> [About this exercise]: Copy out exactly the stretch of the listing below that begins at the line containing "高清 舞台 背景 五 高清图片 舞台背景 背景图片 罗马柱 相框 地板 窗帘 展板 红色" and ends at the line containing "J. Phys. D Appl.", and copy nothing outside it.

═══ Data extracts ═══

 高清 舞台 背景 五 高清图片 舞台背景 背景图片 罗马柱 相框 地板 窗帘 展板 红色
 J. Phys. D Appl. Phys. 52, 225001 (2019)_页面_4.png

═══
═══ Data extracts ═══

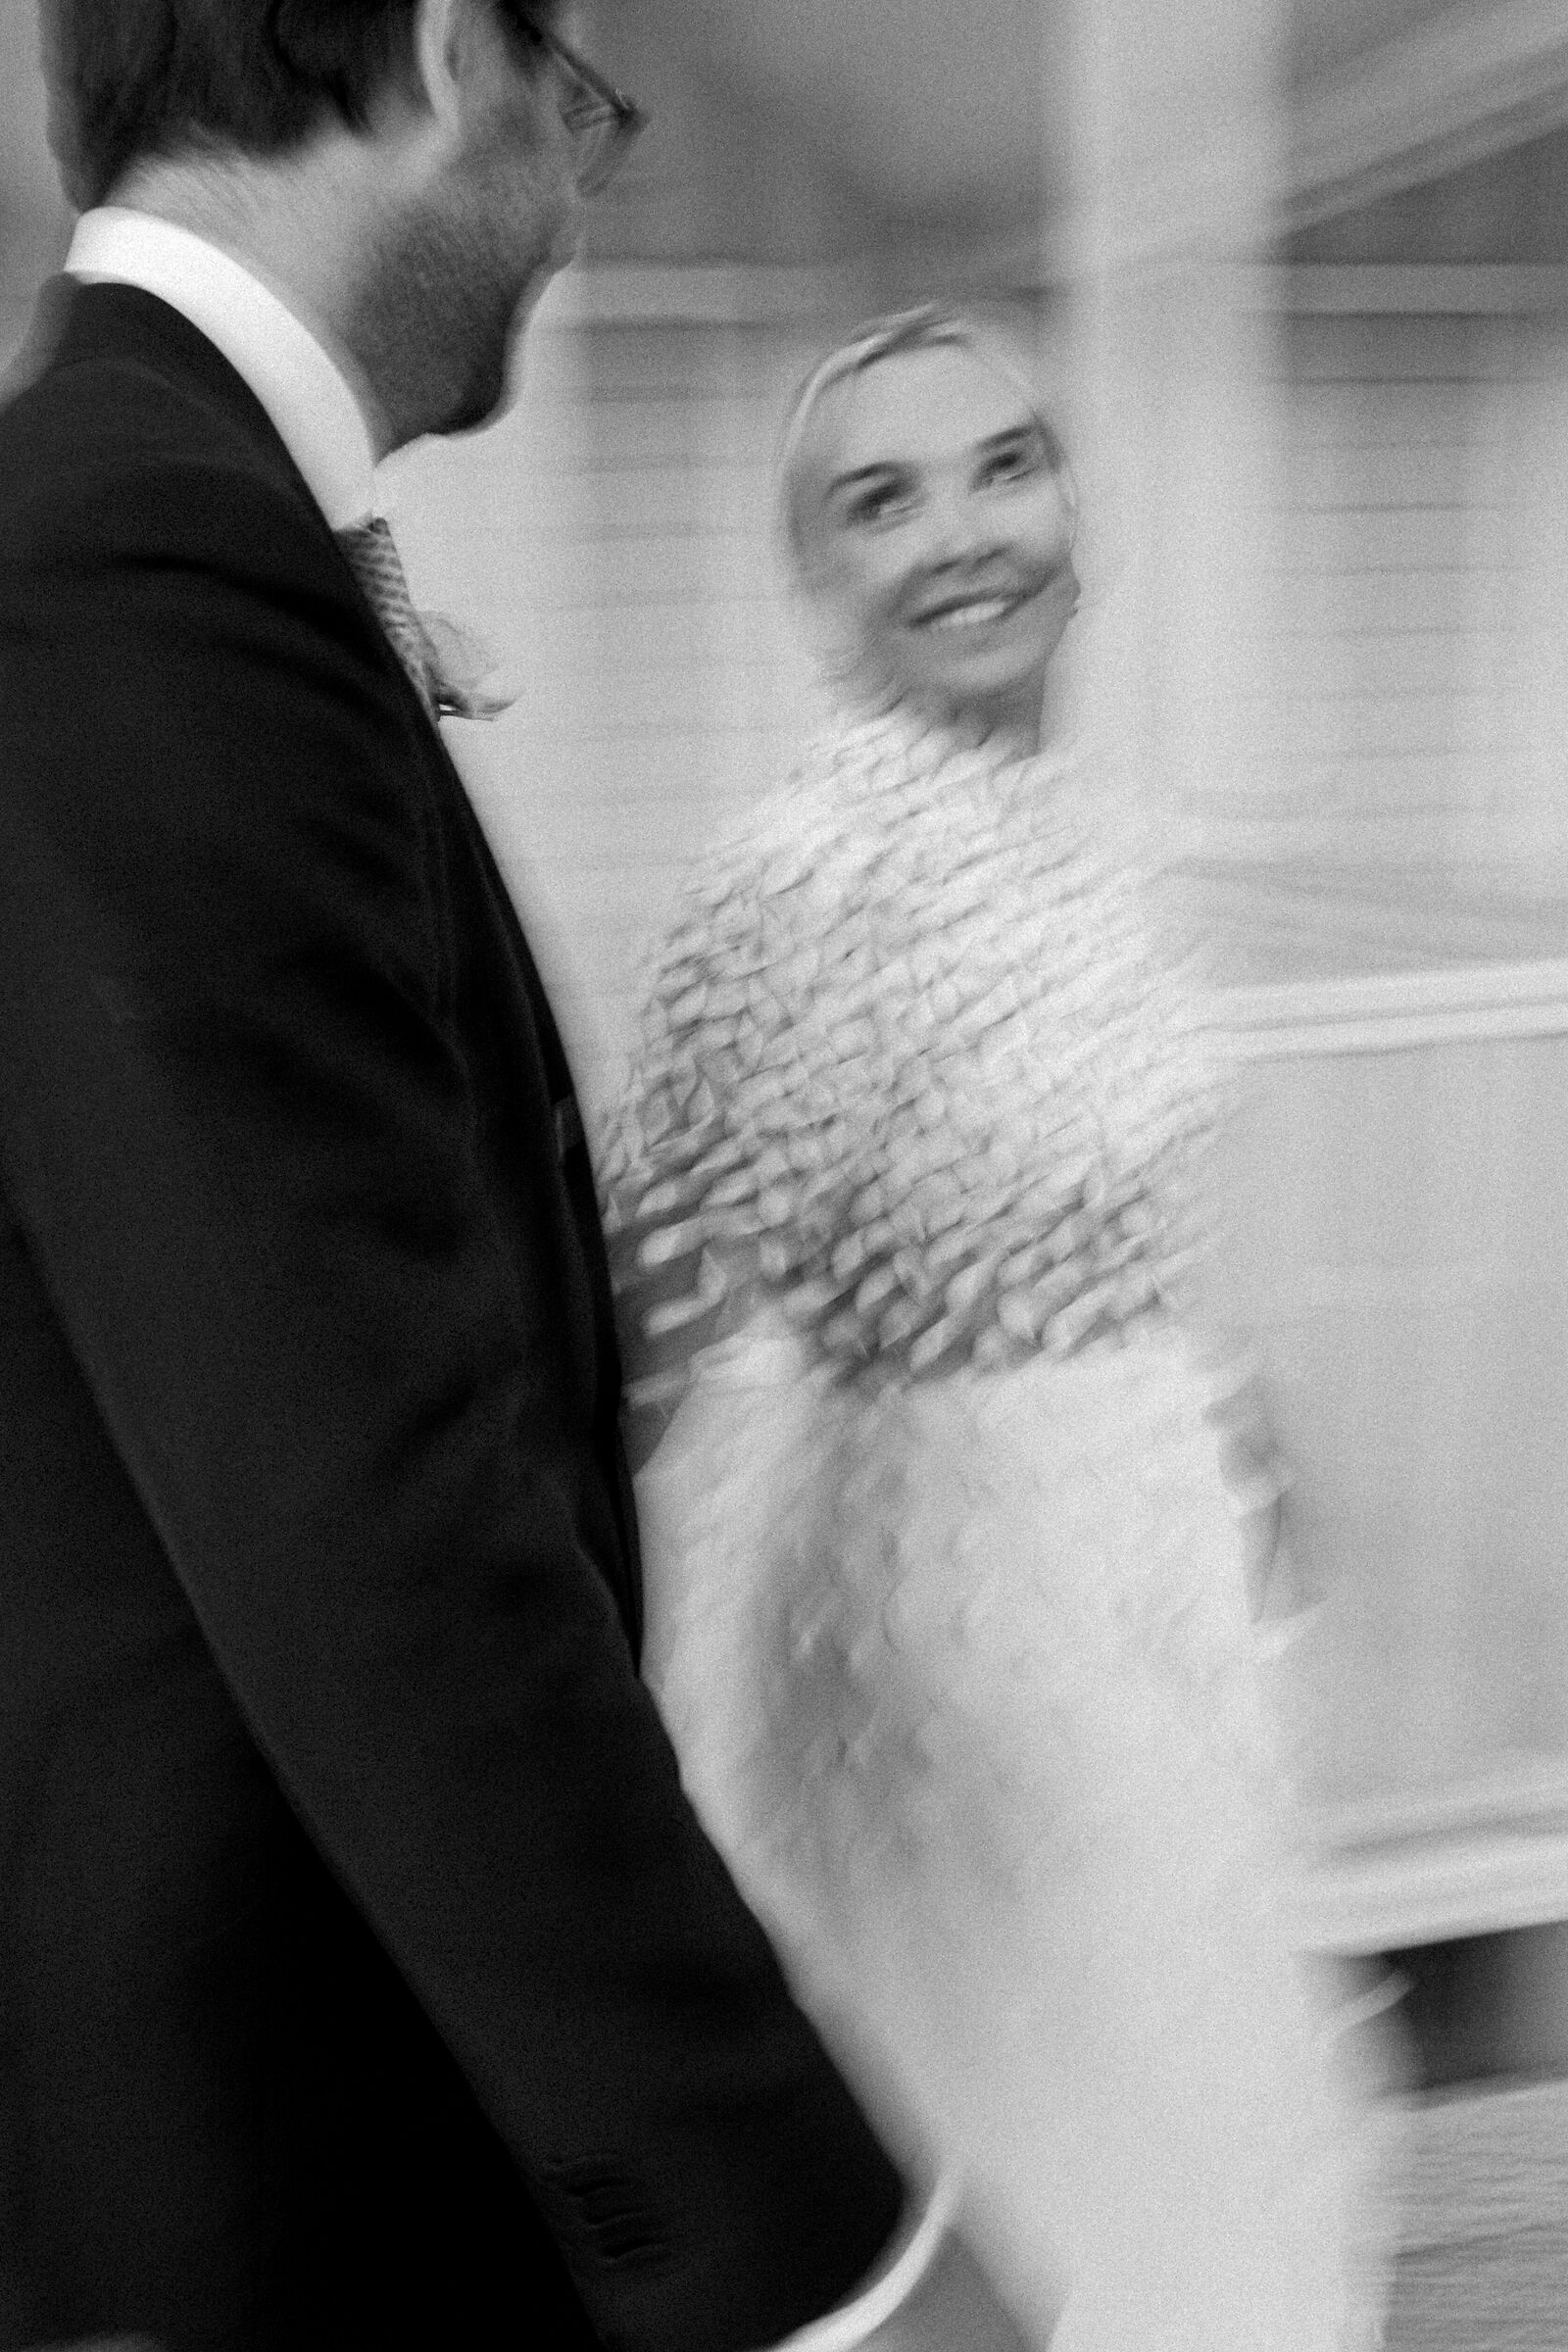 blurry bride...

═══

> [Response box]:
 高清 舞台 背景 五 高清图片 舞台背景 背景图片 罗马柱 相框 地板 窗帘 展板 红色
 J. Phys. D Appl. Phys. 52, 225001 (2019)_页面_4.png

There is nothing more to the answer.